What real world problem does this solve that couldn't be as well solved before? Is the improvement significant?


This is a good starting point to your question, from William Morgan who's attributed with coining the term service mesh: https://buoyant.io/service-mesh-manifesto/.

It's a fair question. Service meshes are a relatively recent development, and there aren't many papers on them, despite rapid adoption in industry (e.g. many large systems use a service mesh, and AWS App Mesh is in general release as of last year). This is a decent survey paper: https://ieeexplore.ieee.org/document/8705911.

Service meshes are intended to address some of the operational complexity of running microservices. To take Morgan's definition: "A service mesh is a dedicated infrastructure layer for handling service-to-service communication. It’s responsible for the reliable delivery of requests through the complex topology of services that comprise a modern, cloud native application."

To answer your question briefly, a service mesh is not a completely brand new thing, the pattern seems a natural improvement to having a set of SDKs (like Twitter's Finagle) and other things tying an SOA together. Consistency in an SOA is pretty valuable, and separating infrastructure logic (like retries, service discovery) from application logic is pretty nice too. Whether the improvement has been significant, I'd recommend searching for "service mesh" and you'll find some talks describing use cases.
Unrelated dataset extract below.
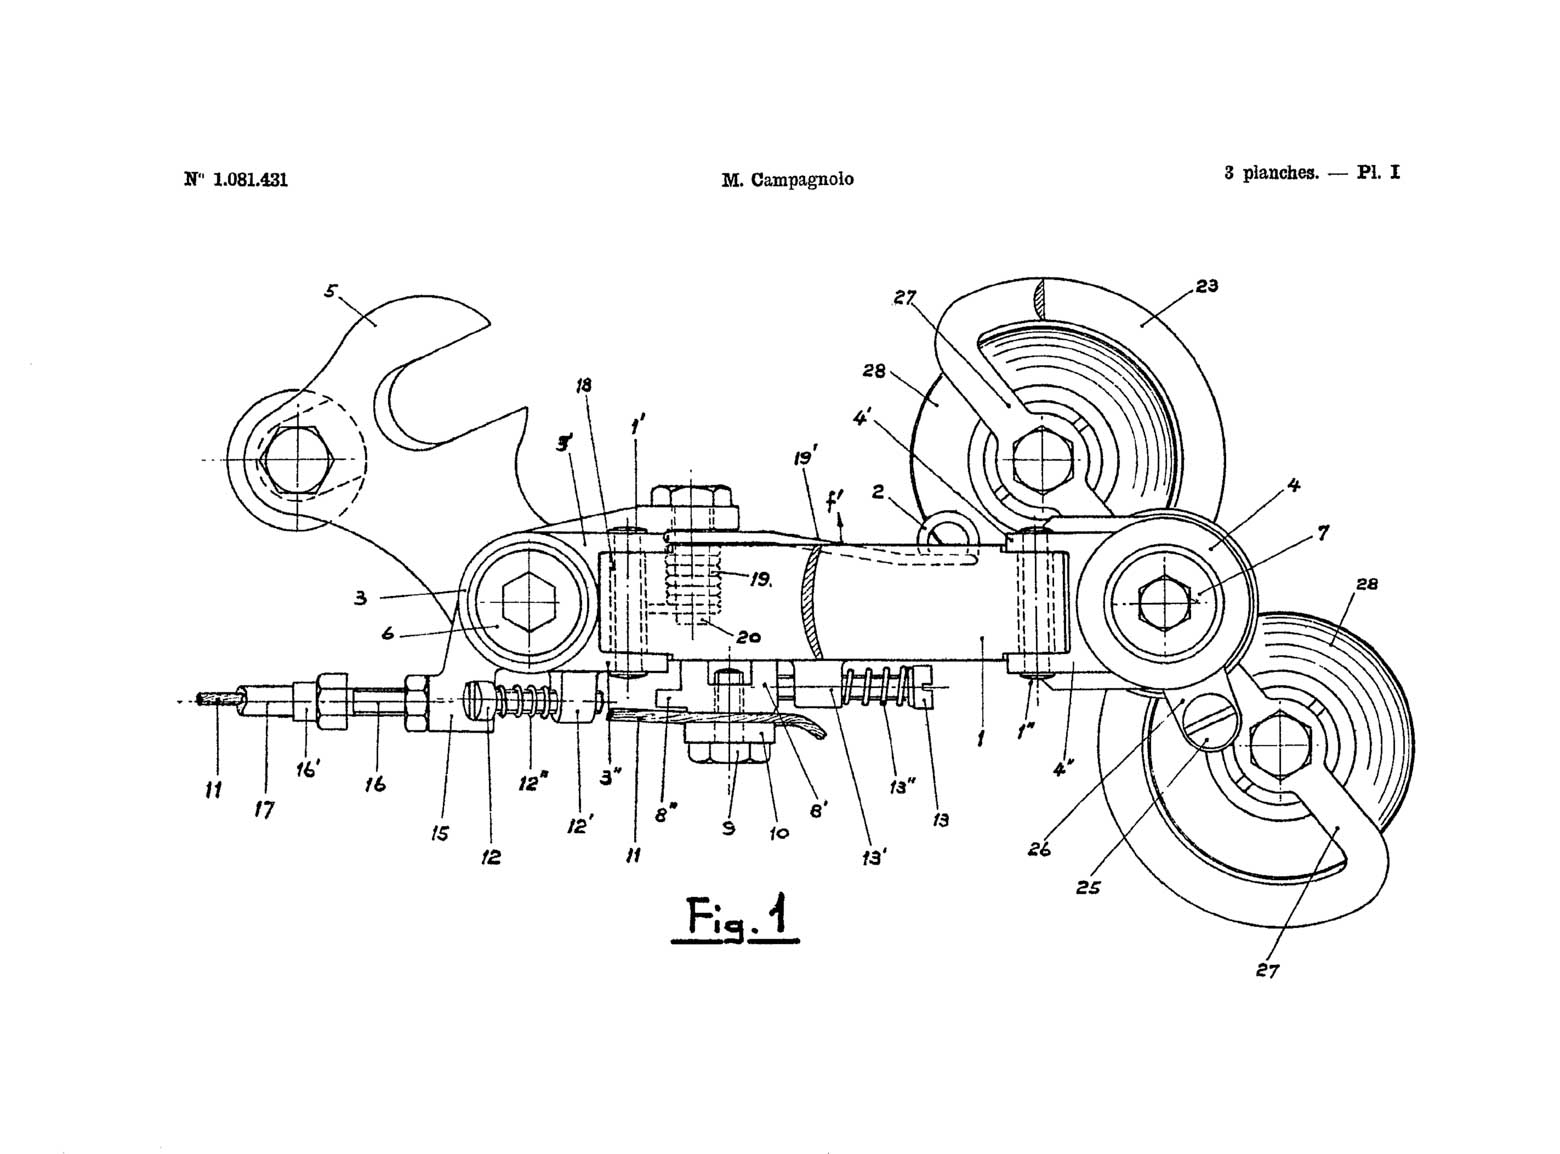 French Patent 1,081,431 - Campagnolo scan 004 main image

What I have found tricky is finding critical analysis of service meshes beyond "do we need this" (i.e. what are service meshes missing, does the pattern give rise to other opportunities), but this should come as more research is done in the area.


Another perspective than what BillFranklin wrote above (which is still a great answer) when compared to an internal load balancer, which is what you’d traditionally have to route internal traffic otherwise:

* typically mTLS is provided and abstracted away for applications (traffic between services is now authenticated and encrypted)

* no single point of failure in the same way

* no traffic bottleneck or needing to scale the LB (e.g. limited to bandwidth of what LB can handle)

* typically integrates natively with your existing service discovery/control plane (kubernetes/consul/nomad)


I won't trust Nginx until I can understand its source code. It has to be one of the largest most complex mostly undocumented, uncommented pieces of code in common use. There could be demons in there and no one would know.


How does this compare to Istio? On a high level it seems to claim exactly the same features:

- Envoy-like sidecar proxy based deployment model

- mutual TLS

- traffic mgmt with rate limiting, circuit breakers

- traffic monitoring/visualization with Grafana, OpenTracing

- hybrid deployments for non-container support


i started to use Linkerd and its way too cool :D Is there any reason to choose Nginx service mesh over linkerd which is already secure , supported by CNF.


I ditched nginx as soon as I could after the F5 acquisition. Once you have a bad experience with a company it stick for a long time.